Consistent with NHTSA's surveys of the latest available data for each successive CAFE analysis, as discussed above, the agency reconsidered for this analysis its prior assumptions about the rebound effect discussed in the 2022 and 2024 final rules--in particular its assumption that the rebound effect is declining over time--and concluded that a rebound estimate of 15 percent is more appropriate. In particular, a meta-analysis of 74 recently published studies of the rebound effect noted that “the magnitude of the rebound effect in road transport can be considered to be, on average, in the area of 20 [percent],” and that the most likely long-run estimate was about 32 percent \421\--both significantly higher than the agency's prior 10 percent value, and also well above the 15 percent value employed in this analysis. The agency also believes that selecting a rebound estimate that is well-supported by the scientific consensus is more appropriate than speculating about potential future trends. NHTSA examines the sensitivity of estimated impacts to values of the rebound effect ranging from 10 to 20 percent to account for the uncertainty surrounding its exact value. For a more complete discussion of the rebound literature, refer to Final TSD Chapter 4.3.4.
\421\ Dimitropoulos, A. et al., The Rebound Effect in Road Transport: A Meta-analysis of Empirical Studies, OECD Environment Working Papers, No. 113, OECD Publishing: Paris, France (2016), available at: https://dx.doi.org/10.1787/8516ab3a-en (accessed: June 2, 2026).

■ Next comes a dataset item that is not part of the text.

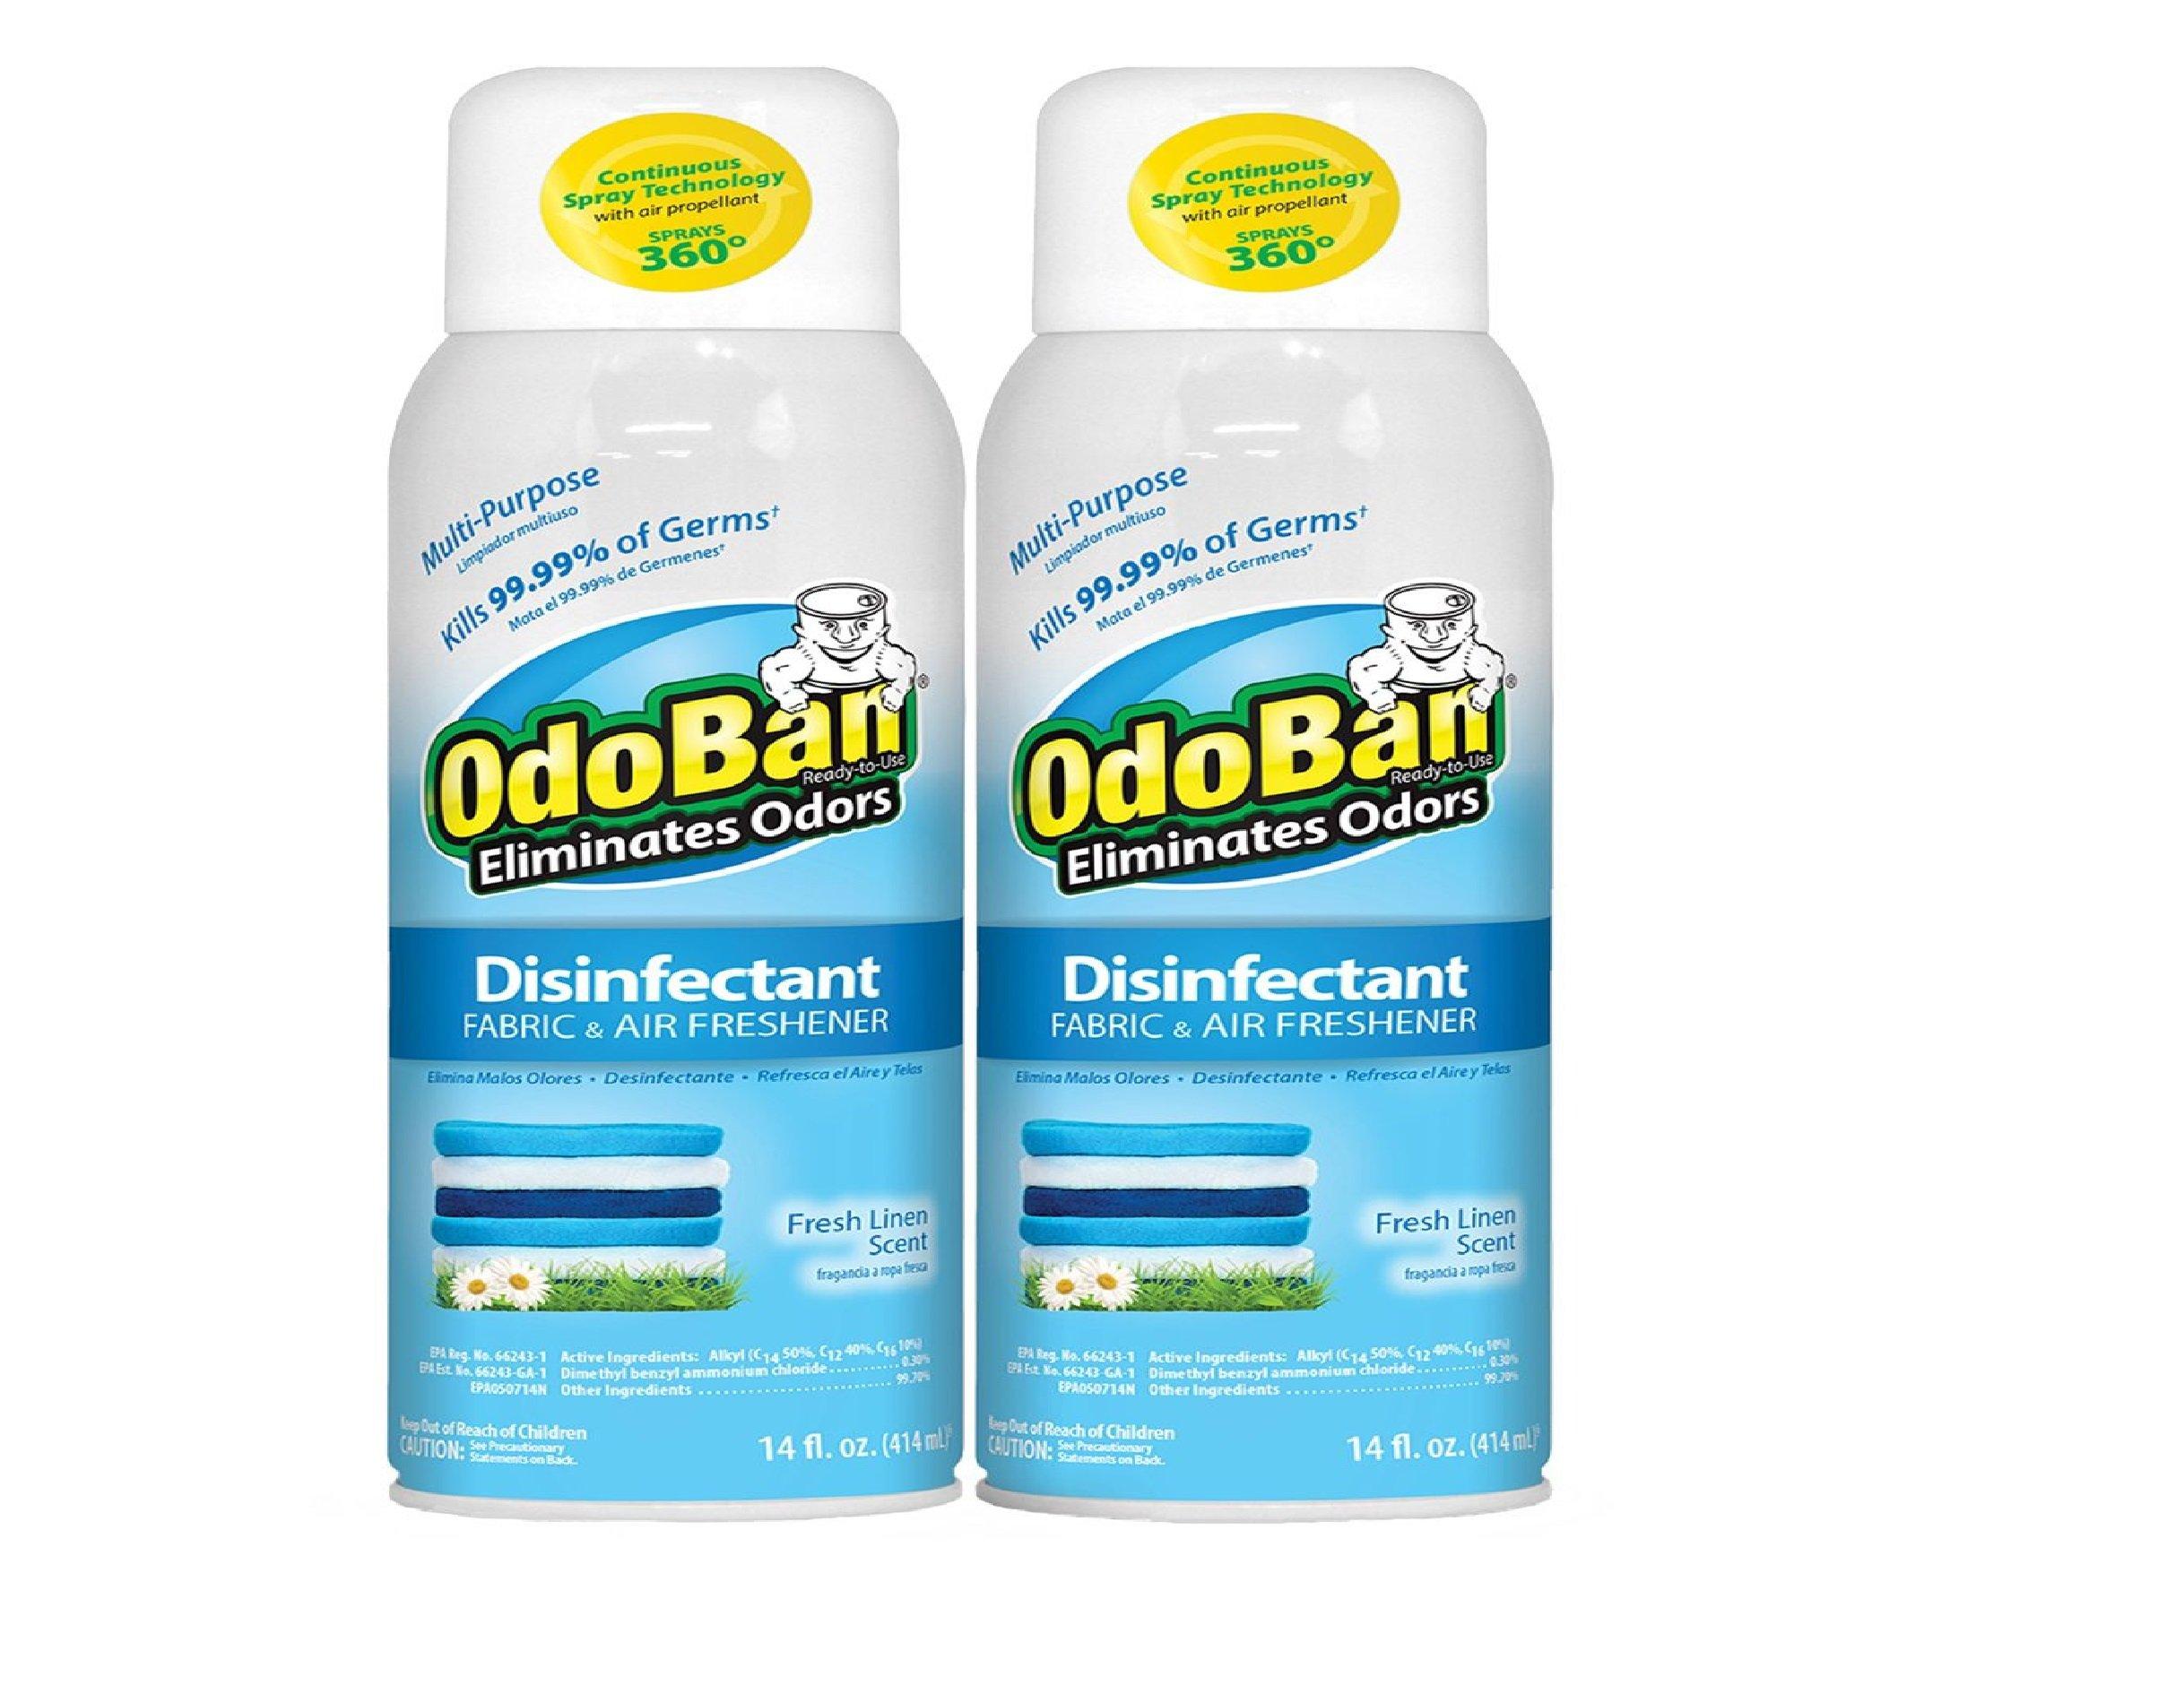 Odoban Disinfectant Fabric & Air Freshener Spray Fresh Linen Scent (14oz 2pk)

Several commenters objected to NHTSA's decision to use a 15 percent rebound effect in its analysis supporting the NPRM, rather than the 10 percent value it has used in some previous rulemaking analyses. ICCT described the lower 10 percent value as “in alignment with prior analyses and updated research, especially in the context of a new fleet that is more efficient than ever and thus costs less to drive than ever [. . .] Restoring a 10 percent rebound is consistent with both historical precedent and recent literature.” ICCT and NRDC et al. both argued that NHTSA's review of the literature was focused on studies using changes in fuel price or fuel CPM rather than changes in fuel efficiency, and that the former generated a stronger response from consumers than the latter.\422\
\422\ ICCT, Docket No. NHTSA-2025-0491-5246 (citing Gillingham, K., Policy Brief: The Rebound Effect and the Rollback of Fuel Economy Standards (2018), available at: https://resources.environment.yale.edu/gillingham/Gillingham_ReboundFuelEconomyStds.pdf (accessed: June 2, 2026)); NRDC et al., Docket No. NHTSA-2025-0491-5928-A2, at 91-98.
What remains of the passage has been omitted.